Managing for diverse coastal uses and values under sea level rise: perspectives from O’ahu, Hawaiʻi

Effective and equitable coastal decision-making under sea level rise requires managing for multiple coastal uses and values. A new publication led by UHERO’s Environmental Policy and Planning Group analyzes how decision-makers in Hawaiʻi perceive diverse uses and values of beaches and coastlines to be important and how they see recognition of these uses and values ideally shaping SLR response. See our blog for a summary of this publication.

Abstract 
Effective and equitable coastal decision-making under sea level rise (SLR) requires managing for multiple coastal uses and values. This study explores how coastal decision-makers in Hawaiʻi perceive diverse uses and values of beaches and coastlines to be important and how they see recognition of these uses and values ideally shaping SLR response. We conducted 42 interviews and 37 surveys with representatives from government, private, and civil society organizations involved with coastal decision-making across the state. To understand how perspectives change based on localized contexts, we grounded our conversations around three socio-ecologically distinct communities on the island of Oʻahu: Kaʻa‘awa, Sunset Beach, and Kāhala.

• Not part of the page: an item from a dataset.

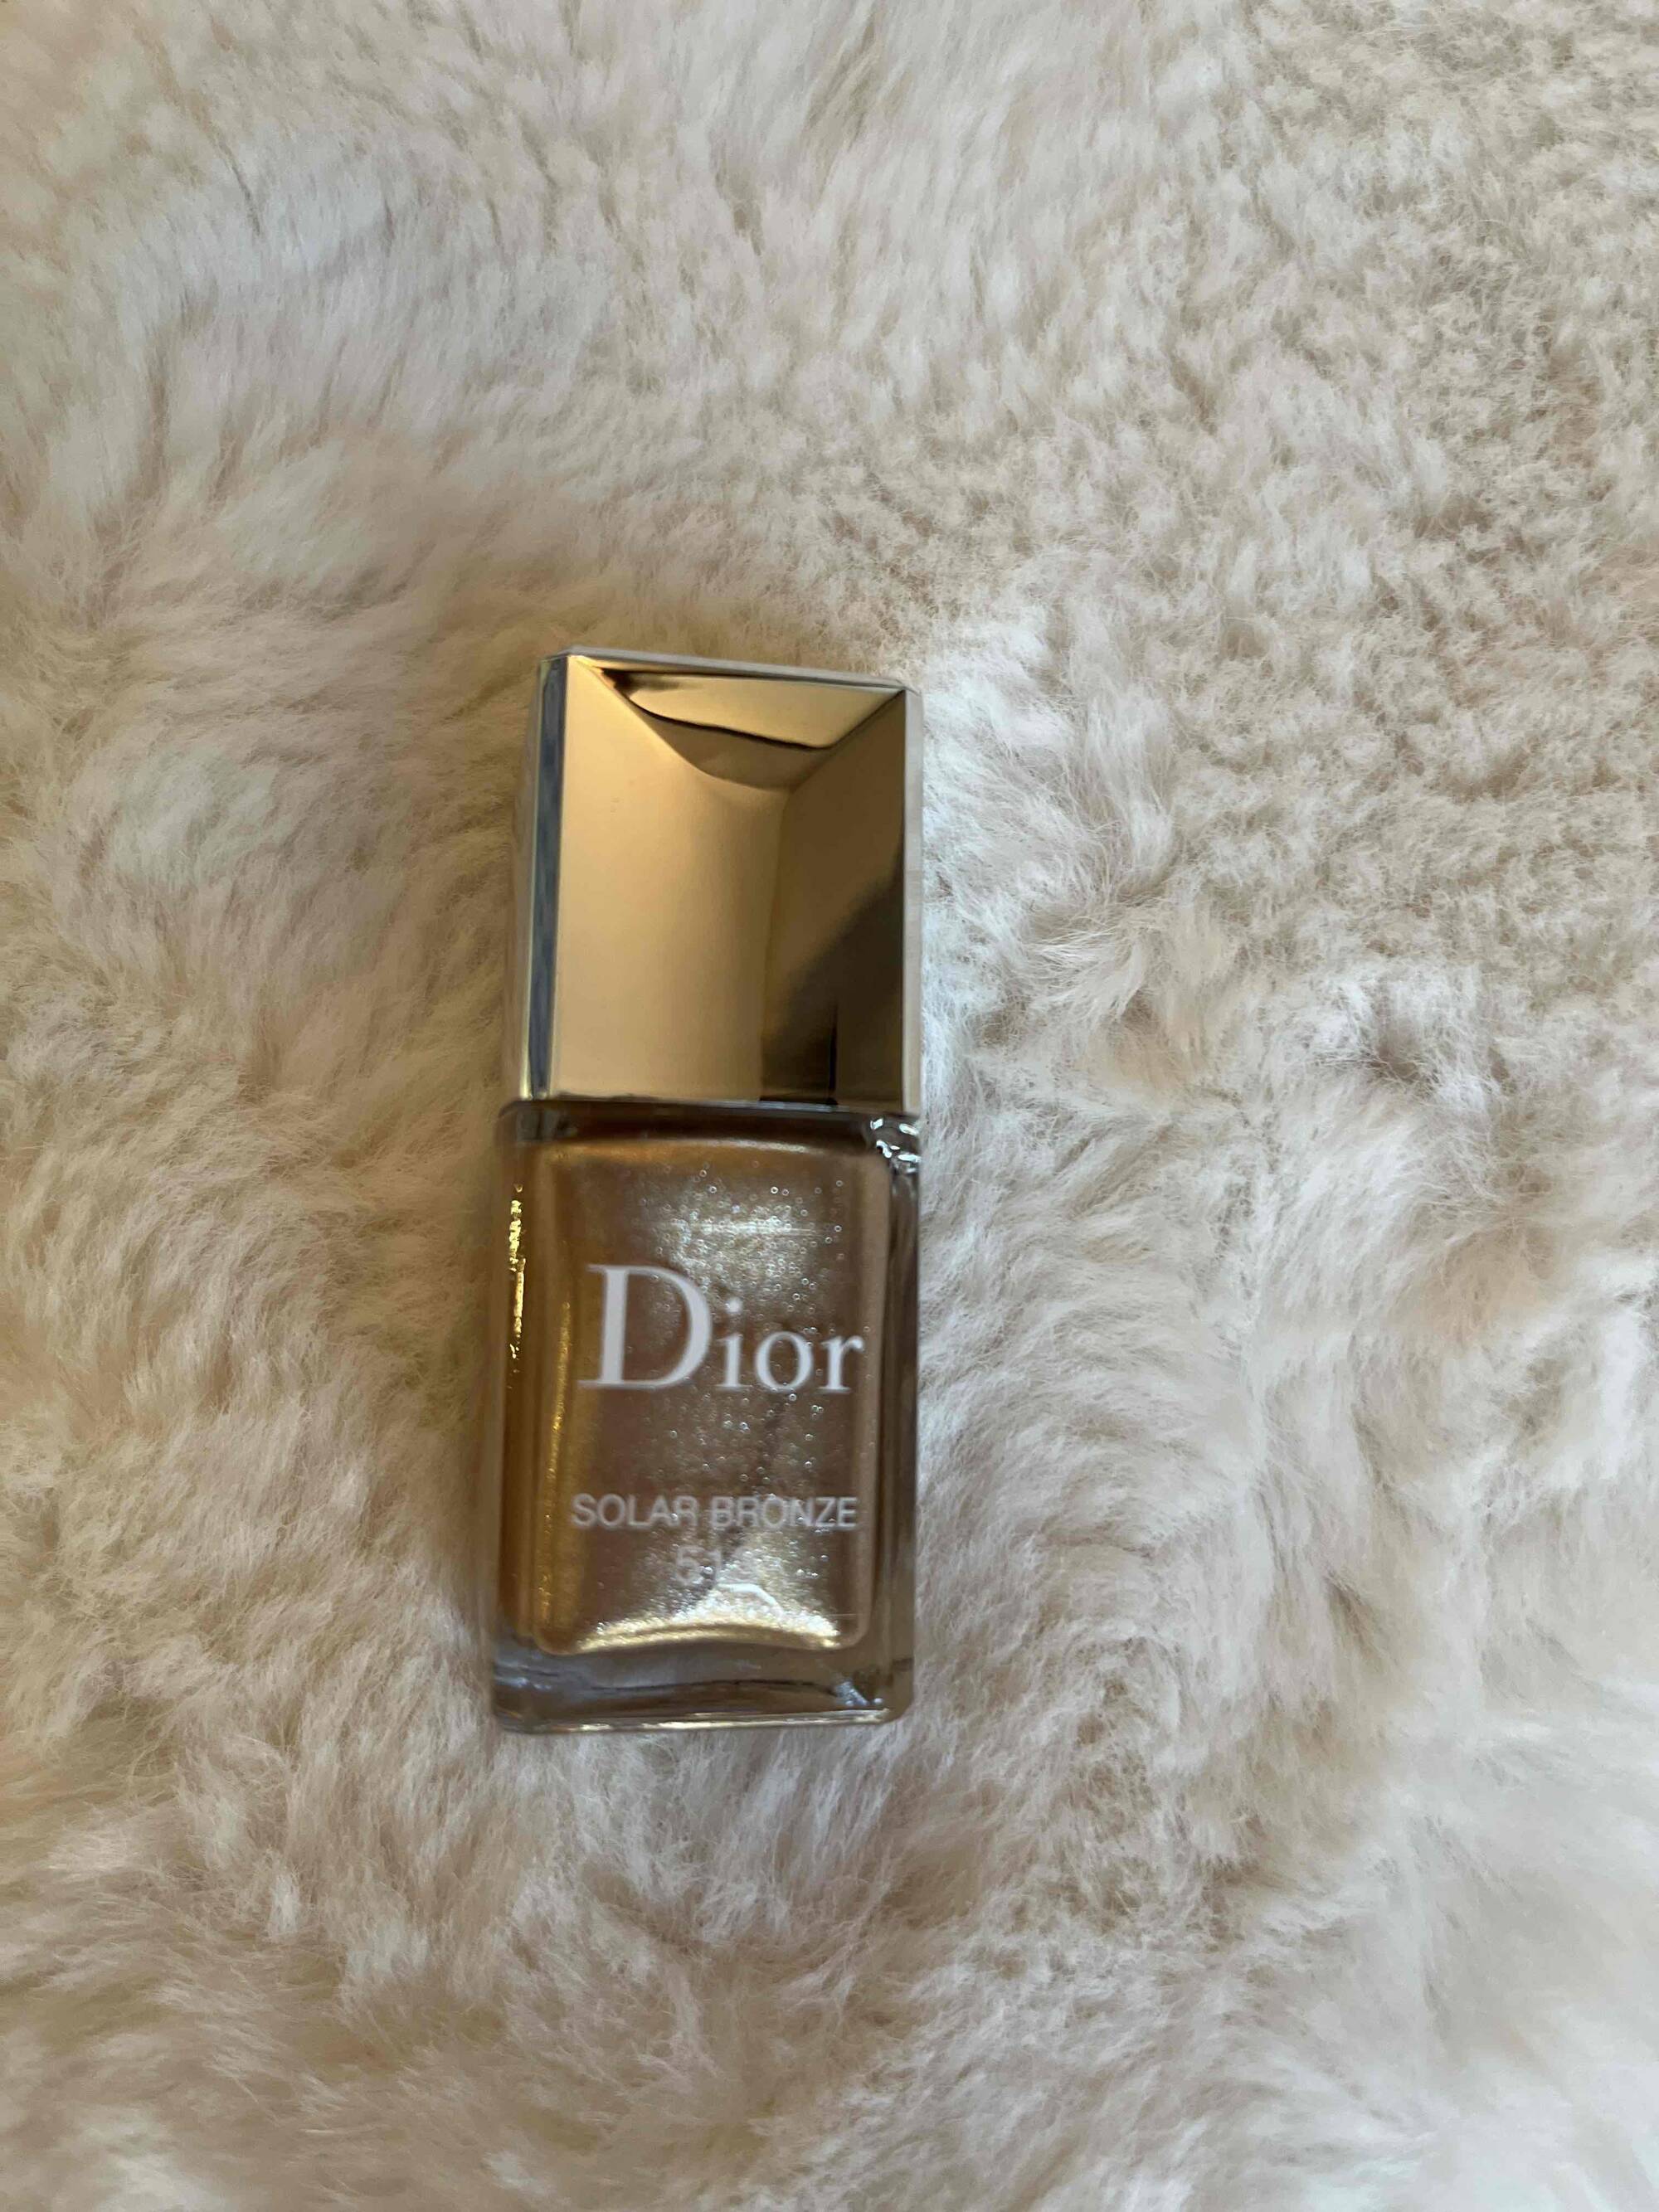 DIOR - Solar bronze 513 - Dior vernis effet gel

We found broad agreement across decision-maker groups and sites in the perception that current coastal management decisions prioritize private and monetary (particularly real estate) values over diverse social and ecological values, often to the detriment of beaches and coastal communities. Though participants generally agreed on the need for new policy and management approaches that promote protection of relational and other non-monetary values of beaches to diverse communities, interviewees held markedly different perceptions over whether, and the extent to which, sustaining beaches under SLR necessitates tradeoffs in maintaining private property claims. Results highlight the importance of approaching SLR adaptation with an appreciation of multiple and place-based uses and values; and of developing processes to build a shared understanding among distinct actor groups and value systems of the tradeoffs inherent in SLR response.